[BUG] `binarization_type` not defaulting to "auto"
Describe the bug
Using a config for a LightGBM txt model file but not explicitly setting binarization_type not "auto" fails to load because it attempts to use the PickleBinarizer rather than the LightGBMBinarizer.
To Reproduce
Steps to reproduce the behavior:
- Run with a config set to use lightgbm-binary_cls_model.txt and do not set any config for
binarization_type - See error
mlup.errors.ModelBinarizationError: Error with deserialize model: could not find MARK. Error will show that it is usingml/binarization/pickle.pynotml/binarization/lightgbm.py - Try again with an explicit config of
binarization_type: autoand it will work
Expected behavior
It should auto-detect that it is lightgbm and choose the LightGBMBinarizer.
Environment (please complete the following information):
- Python version 3.12.7
- Version PyMLup 0.2.2
- LightGBM 4.5.0
Thanks for this issue. I need to check this bug soon 👀
@neverfox I couldn't repeat your error scenario.

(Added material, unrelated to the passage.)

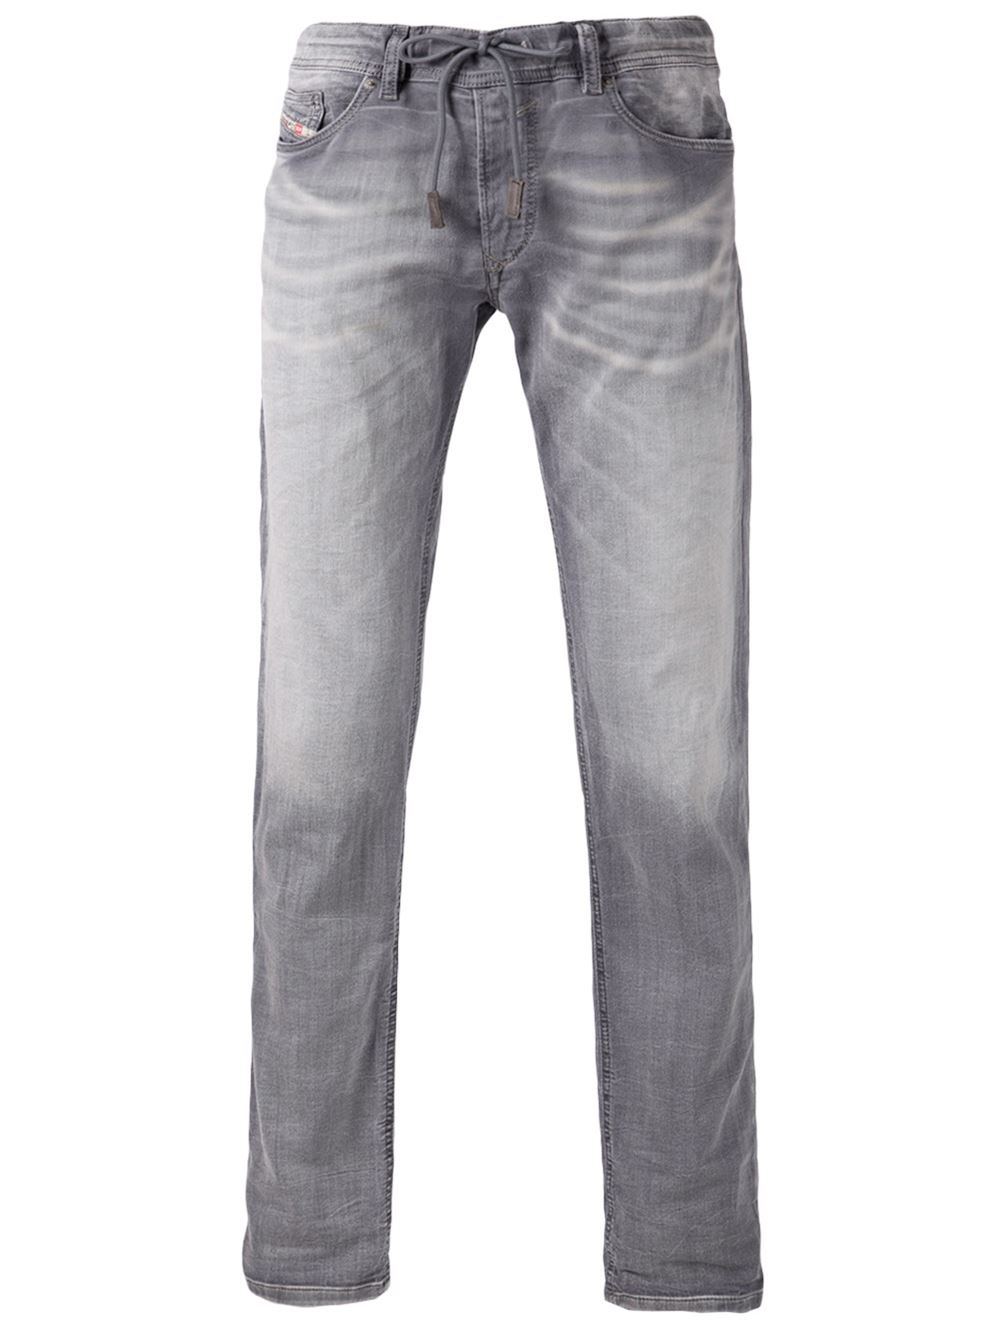 DIESEL 'Waykee Jogg' Jeans in Grey (Gray) for Men - Lyst

I think I'm doing something wrong :smile:
I ask you to clarify how I can repeat your script.
I've tried two ways:
- bash command
mlup run -c bug-lightgmb-conf.yaml. - From python code.
Bash
To test the script, I used the following configuration file:
version: '1'
ml:
auto_detect_predict_params: true
storage_kwargs:
files_mask: '(\w.-_)*.txt'
path_to_files: models/lightgbm-binary_cls_model.txt
storage_type: mlup.ml.storage.local_disk.DiskStorage
And also, with the addition of binarization_type: auto:
version: '1'
ml:
auto_detect_predict_params: true
binarization_type: auto
storage_kwargs:
files_mask: '(\w.-_)*.txt'
path_to_files: models/lightgbm-binary_cls_model.txt
storage_type: mlup.ml.storage.local_disk.DiskStorage
I used the following command: mlup run -c ./bug-lightgbm-conf.yaml.

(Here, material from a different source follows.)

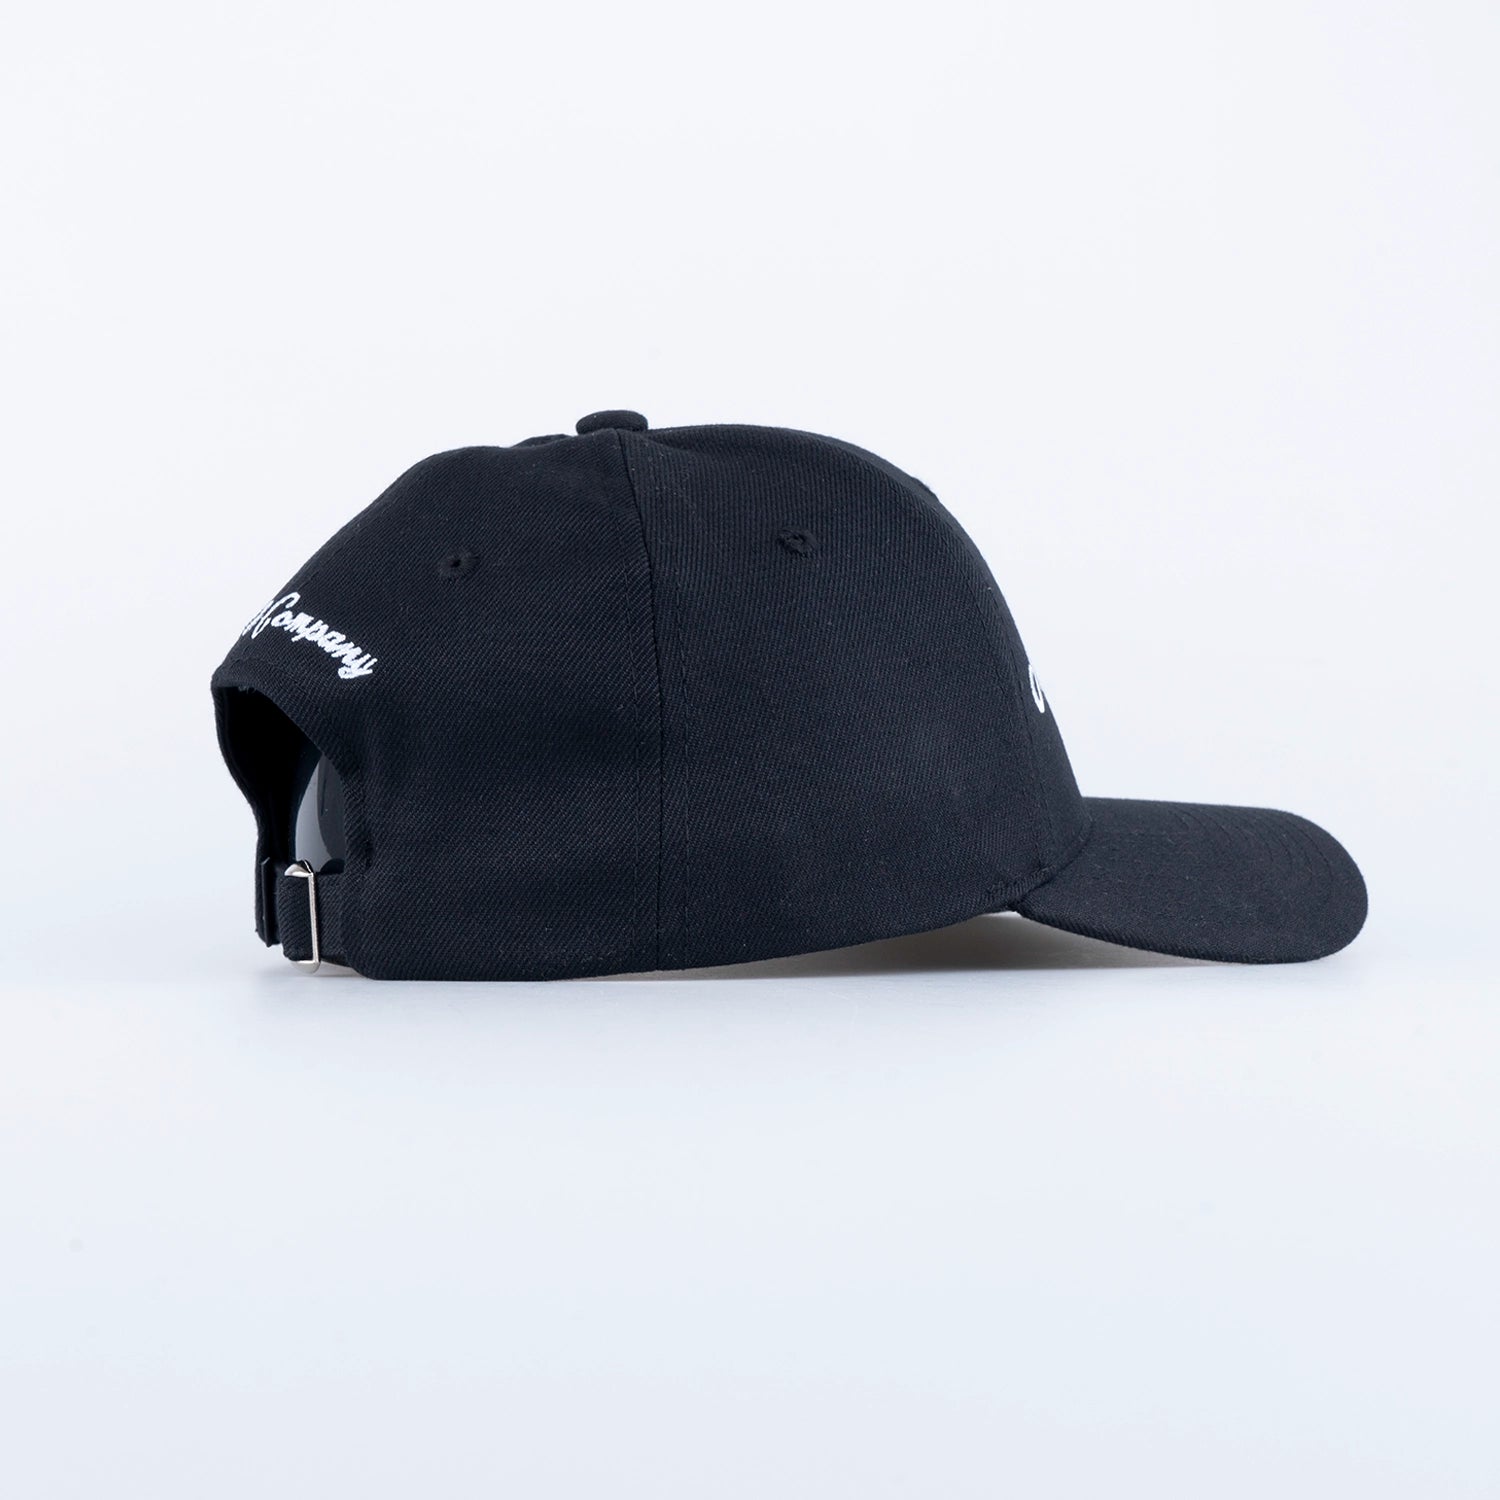 GREAT NORRLAND CAP - HOOKED ÖIK BLACK

The search worked out as expected. It was the LIGHTGBM binarizer that was launched.
Attaching logs:
Python code
To check, I used the following script:
from mlup import up
from mlup.constants import StorageType
_up = up.UP(
conf=up.Config(
storage_type=StorageType.disk,
storage_kwargs={
'path_to_files': "models/lightgbm-binary_cls_model.txt",
'files_mask': r"(\w.-_)*.txt"
},
)
)
_up.ml.load()
print("There are no errors")
_up_from_conf = up.UP.load_from_yaml(
conf_path="bug-lightgbm-conf.yaml",
load_model=True
)
print("There are no errors after load from yaml")
From the python interpreter, the search for the binarizer worked out as expected.
Attaching logs:
Environment
- Python version 3.12.4
- Version PyMLup 0.2.2
- LightGBM 4.5.0